From Table 8, Table 9 and Table 10, the following features were observed:

• Cycle #395 exhibited different relative biases in SWH, Sigma-0, and WS compared to all other cycles, likely due to residual outliers after editing. Thus, this cycle was excluded from further analysis.
• The cycle-averaged SWH from the Adaptive retracker was slightly lower (by ~0.06 m) than that from the MLE4 retracker for both GDR-F and GDR-G. The difference between SWH from Jason-3 MLE4 and Sentinel-6A MLE4 was negligible. We performed a linear regression analysis between the SWH from the Adaptive retracker (generally more precise than MLE4 SWH) and the SWH difference (Adaptive SWH minus MLE4 SWH). A slight trend was identified, as shown in Figure 7:

  $$\Delta SWH=-0.00396 \times SWH-0.043$$

  (10)
  

  Figure 7. Linear regression analysis between the Adaptive SWH and the SWH difference (Adaptive SWH minus MLE4 SWH) for Cycle #501. The blue circles were the pairs of the Adaptive SWH and the SWH difference. The thick red line illustrated the trend (Slope = −0.00396, Offset = −0.043).
• The cycle-averaged Sigma-0 from the Adaptive retracker was consistently lower than that from the MLE4 retracker, and the relative bias between the two Sigma-0 values was relatively stable.
• The relative bias between WS from the Adaptive retracker and MLE4 retracker was negligible in most cycles, but the difference between WS from Jason-3 MLE4 and Sentinel-6A MLE4 was significant. Due to space constraints, we do not elaborate further here.
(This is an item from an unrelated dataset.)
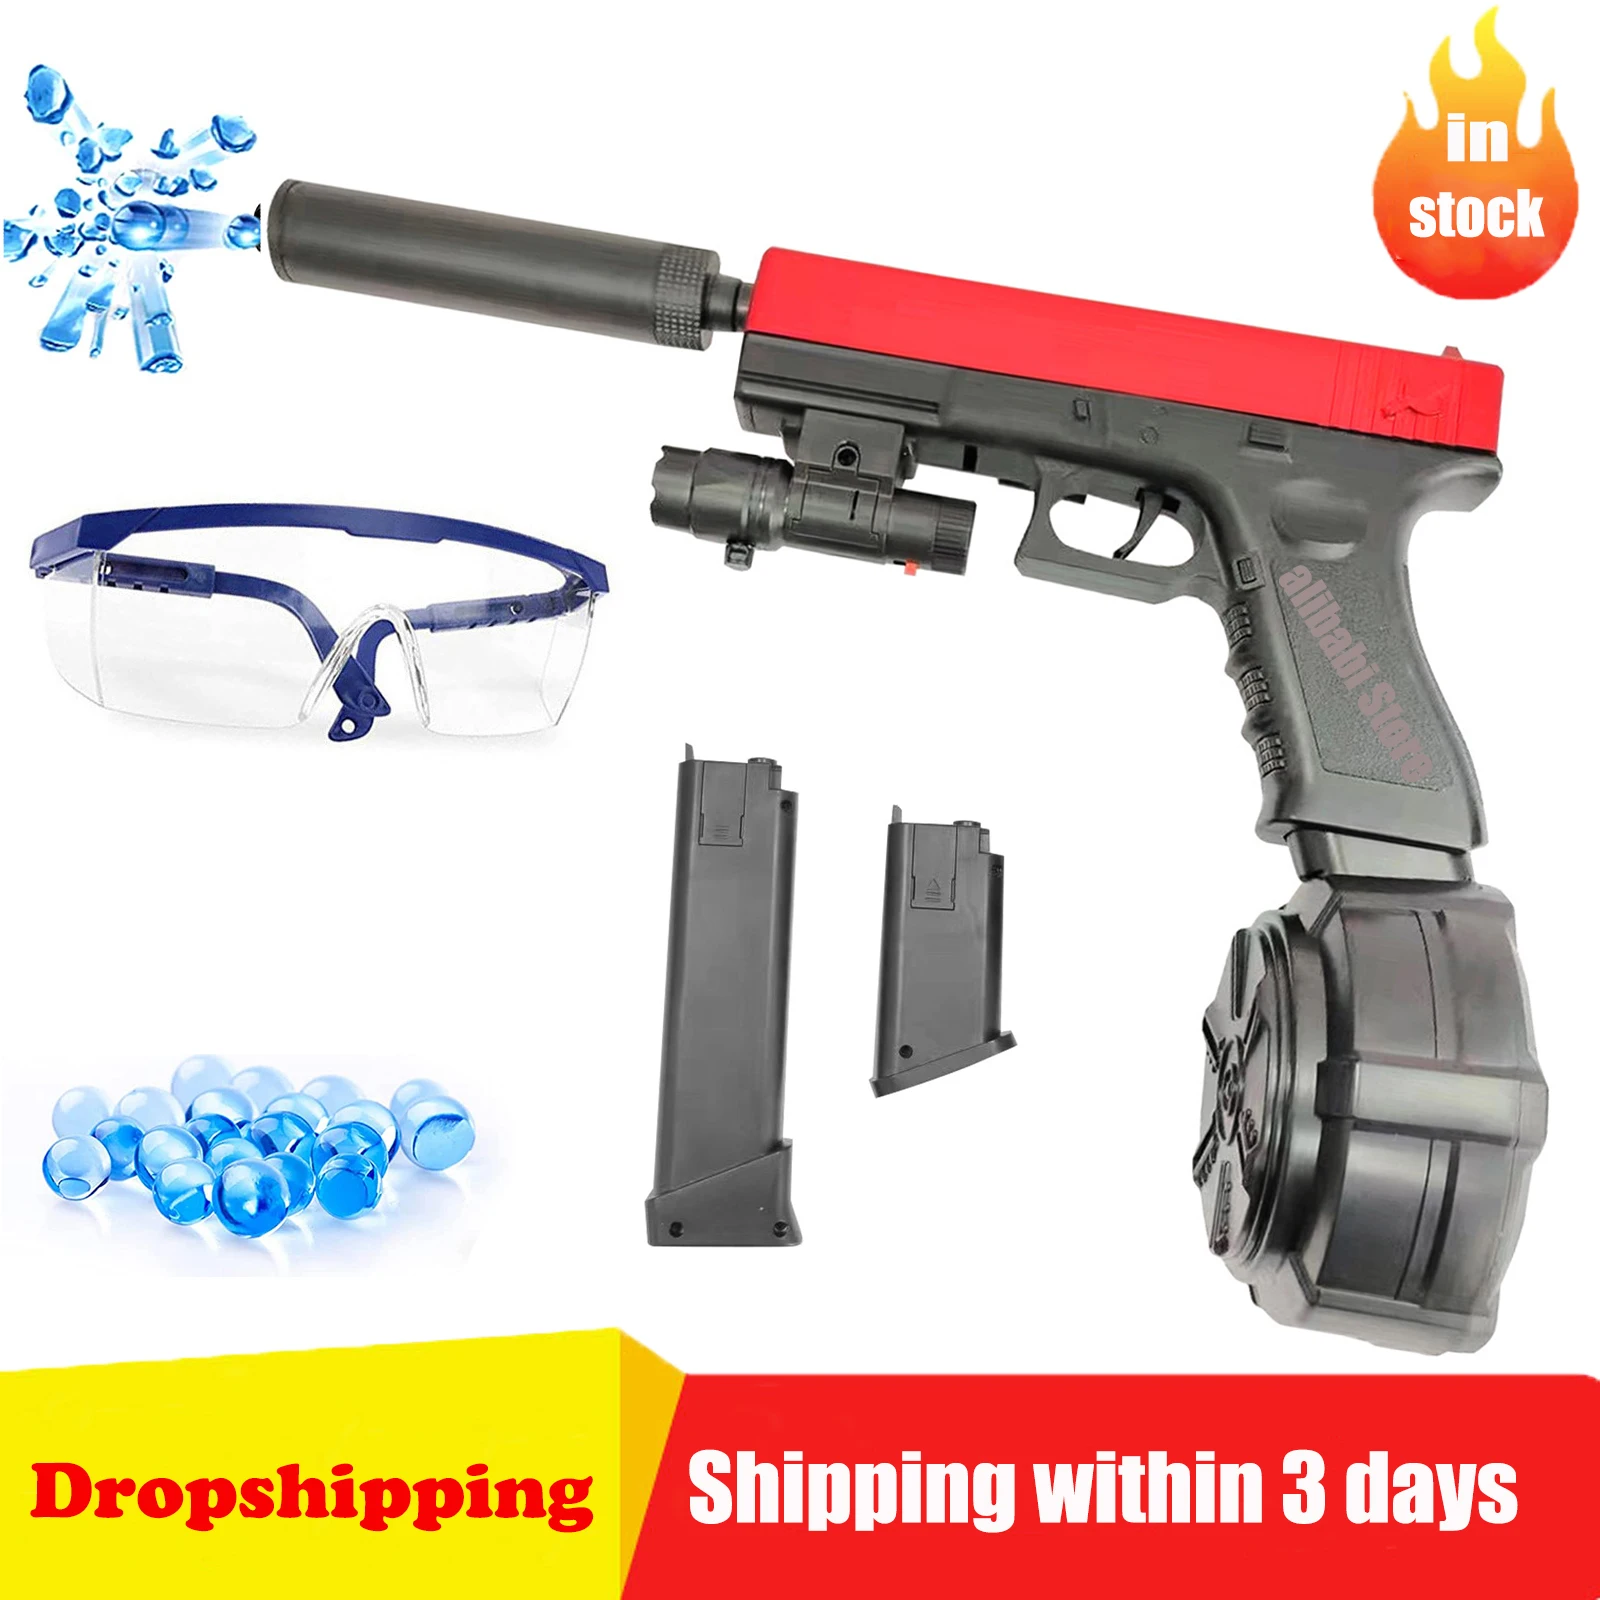 

JM X2 Glock Electric Splatter Ball Blaster Toys Gun Full Auto Gel Ball Blaster With 10000 Water Bombs For Kids Adult Outdoor Toy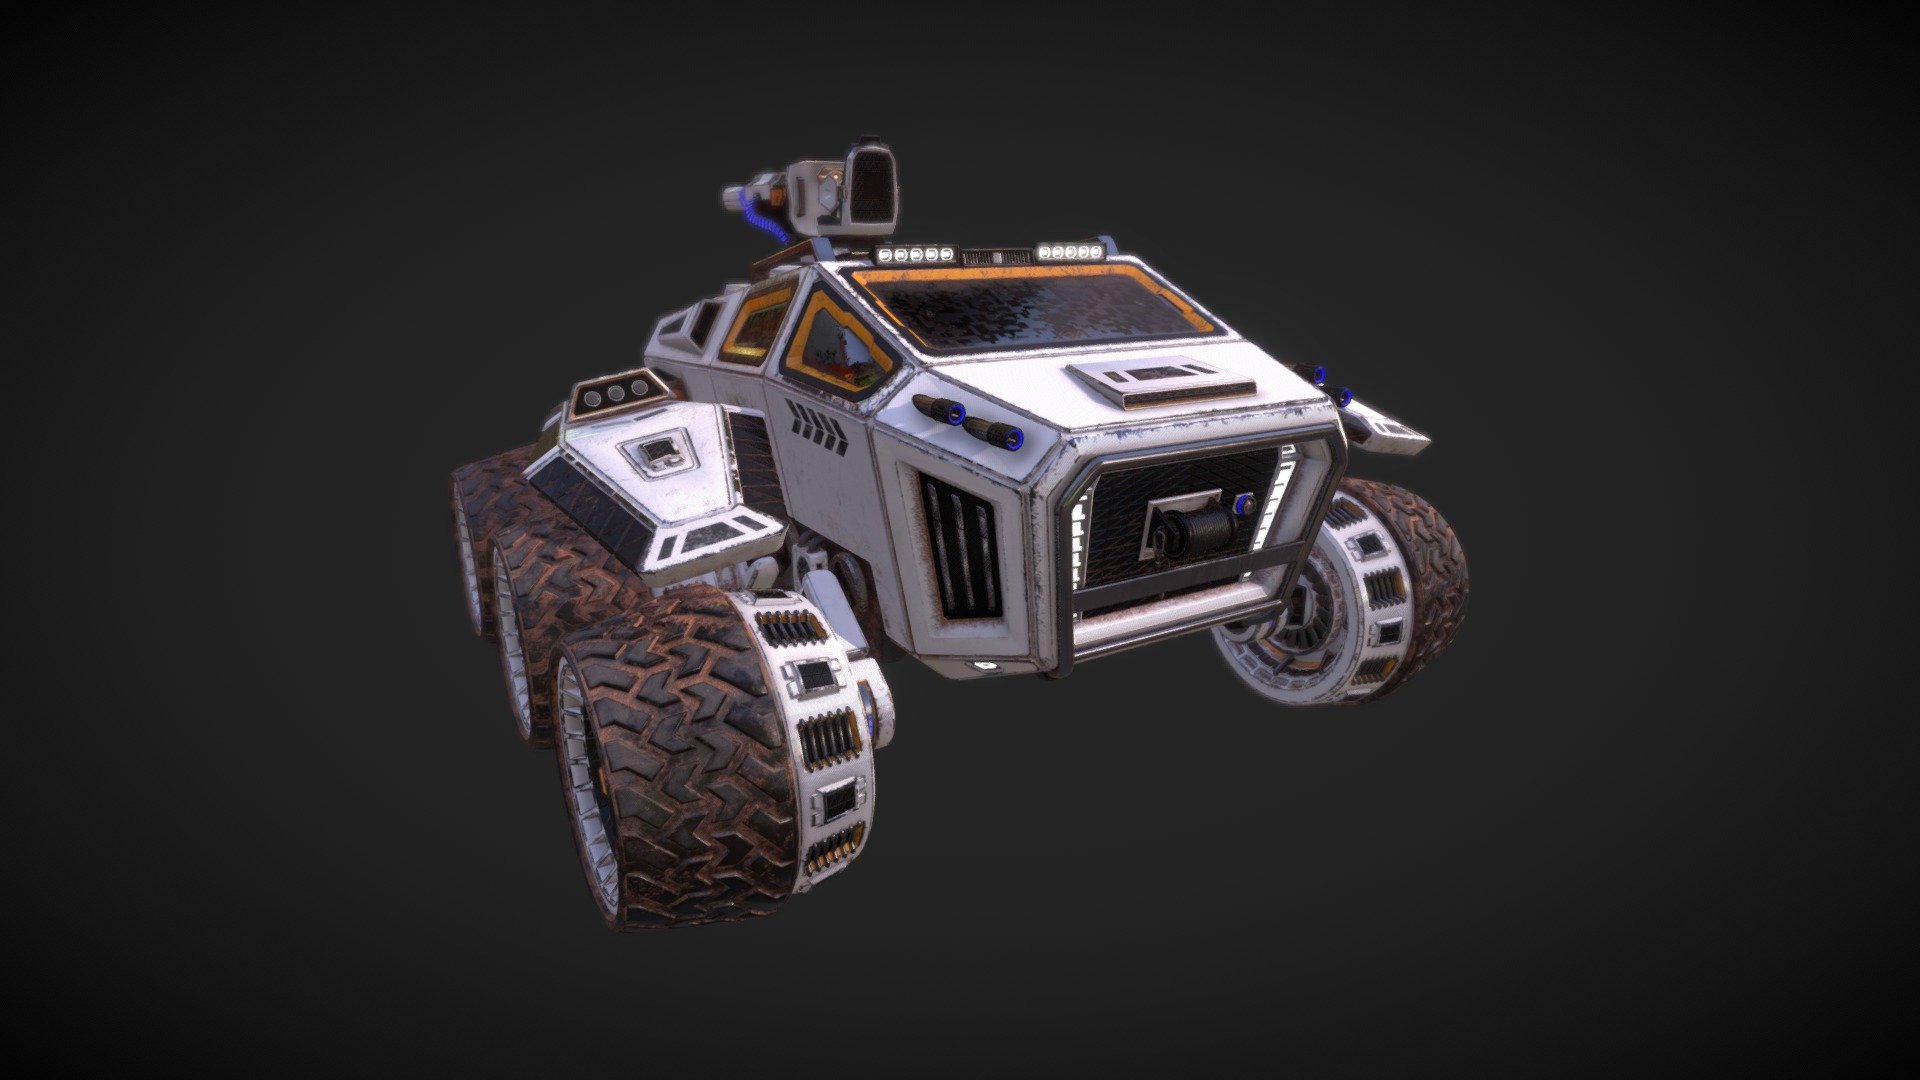 Military and research rover for planetary exploration. Modeled in 3DS Max, baked and textured in Substance Painter 3d model

One intriguing feature worth noting is that in Cycles #501–#504, a large bias (~−0.2 m/s) coincided with the period when Jason-3 used GDR-G data, while Sentinel-6A still used GDR-F data.

4.2.2. Histograms of SWH and WS

The histograms of SWH and WS measurements for GDR-F (Cycle #399) and GDR-G (Cycle #501) were shown in Figure 8, Figure 9, Figure 10, Figure 11, Figure 12, Figure 13, Figure 14, Figure 15 and Figure 16, respectively. Histograms of Sigma-0 are not presented here, as few outliers were observed. As mentioned earlier, the Adaptive retracker was much more robust than the MLE4 retracker.

Figure 8. Histogram of SWH Distribution for Cycle #399 (Blue: MLE4, Red: Adaptive Method; Data Unedited).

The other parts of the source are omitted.